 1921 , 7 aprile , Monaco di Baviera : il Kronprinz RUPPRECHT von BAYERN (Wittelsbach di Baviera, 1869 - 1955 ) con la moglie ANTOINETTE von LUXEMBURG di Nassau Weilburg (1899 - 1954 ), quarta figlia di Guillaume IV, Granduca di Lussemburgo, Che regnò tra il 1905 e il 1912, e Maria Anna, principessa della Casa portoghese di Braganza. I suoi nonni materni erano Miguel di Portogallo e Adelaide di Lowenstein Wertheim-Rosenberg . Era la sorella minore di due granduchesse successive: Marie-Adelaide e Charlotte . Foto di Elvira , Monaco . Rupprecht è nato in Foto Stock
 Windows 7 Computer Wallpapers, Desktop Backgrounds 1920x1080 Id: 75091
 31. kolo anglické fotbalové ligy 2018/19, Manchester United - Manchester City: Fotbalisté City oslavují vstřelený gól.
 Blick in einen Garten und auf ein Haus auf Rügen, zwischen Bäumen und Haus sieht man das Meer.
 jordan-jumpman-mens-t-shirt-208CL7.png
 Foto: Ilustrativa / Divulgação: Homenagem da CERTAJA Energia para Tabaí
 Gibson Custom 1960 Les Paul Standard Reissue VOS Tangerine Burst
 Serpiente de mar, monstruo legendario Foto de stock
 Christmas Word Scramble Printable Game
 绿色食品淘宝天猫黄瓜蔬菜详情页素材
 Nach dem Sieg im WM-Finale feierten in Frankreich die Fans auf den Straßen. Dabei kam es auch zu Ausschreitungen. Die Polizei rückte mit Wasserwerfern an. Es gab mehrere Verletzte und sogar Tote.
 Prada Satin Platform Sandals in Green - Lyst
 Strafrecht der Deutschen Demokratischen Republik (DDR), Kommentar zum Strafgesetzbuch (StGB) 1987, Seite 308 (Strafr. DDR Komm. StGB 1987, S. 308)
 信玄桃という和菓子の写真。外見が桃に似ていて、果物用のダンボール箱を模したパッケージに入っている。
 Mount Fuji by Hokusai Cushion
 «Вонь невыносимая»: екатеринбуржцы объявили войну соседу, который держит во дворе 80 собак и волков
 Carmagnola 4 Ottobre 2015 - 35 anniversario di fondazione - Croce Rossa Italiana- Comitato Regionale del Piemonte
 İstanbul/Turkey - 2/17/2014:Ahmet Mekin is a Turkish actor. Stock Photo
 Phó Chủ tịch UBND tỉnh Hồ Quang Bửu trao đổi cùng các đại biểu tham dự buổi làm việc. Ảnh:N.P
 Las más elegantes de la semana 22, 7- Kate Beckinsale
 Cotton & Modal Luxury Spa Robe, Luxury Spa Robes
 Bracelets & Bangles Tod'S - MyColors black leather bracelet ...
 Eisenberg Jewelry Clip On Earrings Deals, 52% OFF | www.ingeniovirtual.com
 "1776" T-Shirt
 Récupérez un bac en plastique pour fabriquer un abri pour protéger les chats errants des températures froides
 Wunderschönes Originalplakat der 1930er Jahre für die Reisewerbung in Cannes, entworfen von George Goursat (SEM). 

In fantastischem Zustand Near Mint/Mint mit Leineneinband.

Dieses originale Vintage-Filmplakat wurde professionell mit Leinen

▸ **Task description**
Exact reproduction of the listing above is required.

▸ **Exercise answer**
 1921 , 7 aprile , Monaco di Baviera : il Kronprinz RUPPRECHT von BAYERN (Wittelsbach di Baviera, 1869 - 1955 ) con la moglie ANTOINETTE von LUXEMBURG di Nassau Weilburg (1899 - 1954 ), quarta figlia di Guillaume IV, Granduca di Lussemburgo, Che regnò tra il 1905 e il 1912, e Maria Anna, principessa della Casa portoghese di Braganza. I suoi nonni materni erano Miguel di Portogallo e Adelaide di Lowenstein Wertheim-Rosenberg . Era la sorella minore di due granduchesse successive: Marie-Adelaide e Charlotte . Foto di Elvira , Monaco . Rupprecht è nato in Foto Stock
 Windows 7 Computer Wallpapers, Desktop Backgrounds 1920x1080 Id: 75091
 31. kolo anglické fotbalové ligy 2018/19, Manchester United - Manchester City: Fotbalisté City oslavují vstřelený gól.
 Blick in einen Garten und auf ein Haus auf Rügen, zwischen Bäumen und Haus sieht man das Meer.
 jordan-jumpman-mens-t-shirt-208CL7.png
 Foto: Ilustrativa / Divulgação: Homenagem da CERTAJA Energia para Tabaí
 Gibson Custom 1960 Les Paul Standard Reissue VOS Tangerine Burst
 Serpiente de mar, monstruo legendario Foto de stock
 Christmas Word Scramble Printable Game
 绿色食品淘宝天猫黄瓜蔬菜详情页素材
 Nach dem Sieg im WM-Finale feierten in Frankreich die Fans auf den Straßen. Dabei kam es auch zu Ausschreitungen. Die Polizei rückte mit Wasserwerfern an. Es gab mehrere Verletzte und sogar Tote.
 Prada Satin Platform Sandals in Green - Lyst
 Strafrecht der Deutschen Demokratischen Republik (DDR), Kommentar zum Strafgesetzbuch (StGB) 1987, Seite 308 (Strafr. DDR Komm. StGB 1987, S. 308)
 信玄桃という和菓子の写真。外見が桃に似ていて、果物用のダンボール箱を模したパッケージに入っている。
 Mount Fuji by Hokusai Cushion
 «Вонь невыносимая»: екатеринбуржцы объявили войну соседу, который держит во дворе 80 собак и волков
 Carmagnola 4 Ottobre 2015 - 35 anniversario di fondazione - Croce Rossa Italiana- Comitato Regionale del Piemonte
 İstanbul/Turkey - 2/17/2014:Ahmet Mekin is a Turkish actor. Stock Photo
 Phó Chủ tịch UBND tỉnh Hồ Quang Bửu trao đổi cùng các đại biểu tham dự buổi làm việc. Ảnh:N.P
 Las más elegantes de la semana 22, 7- Kate Beckinsale
 Cotton & Modal Luxury Spa Robe, Luxury Spa Robes
 Bracelets & Bangles Tod'S - MyColors black leather bracelet ...
 Eisenberg Jewelry Clip On Earrings Deals, 52% OFF | www.ingeniovirtual.com
 "1776" T-Shirt
 Récupérez un bac en plastique pour fabriquer un abri pour protéger les chats errants des températures froides
 Wunderschönes Originalplakat der 1930er Jahre für die Reisewerbung in Cannes, entworfen von George Goursat (SEM). 

In fantastischem Zustand Near Mint/Mint mit Leineneinband.

Dieses originale Vintage-Filmplakat wurde professionell mit Leinen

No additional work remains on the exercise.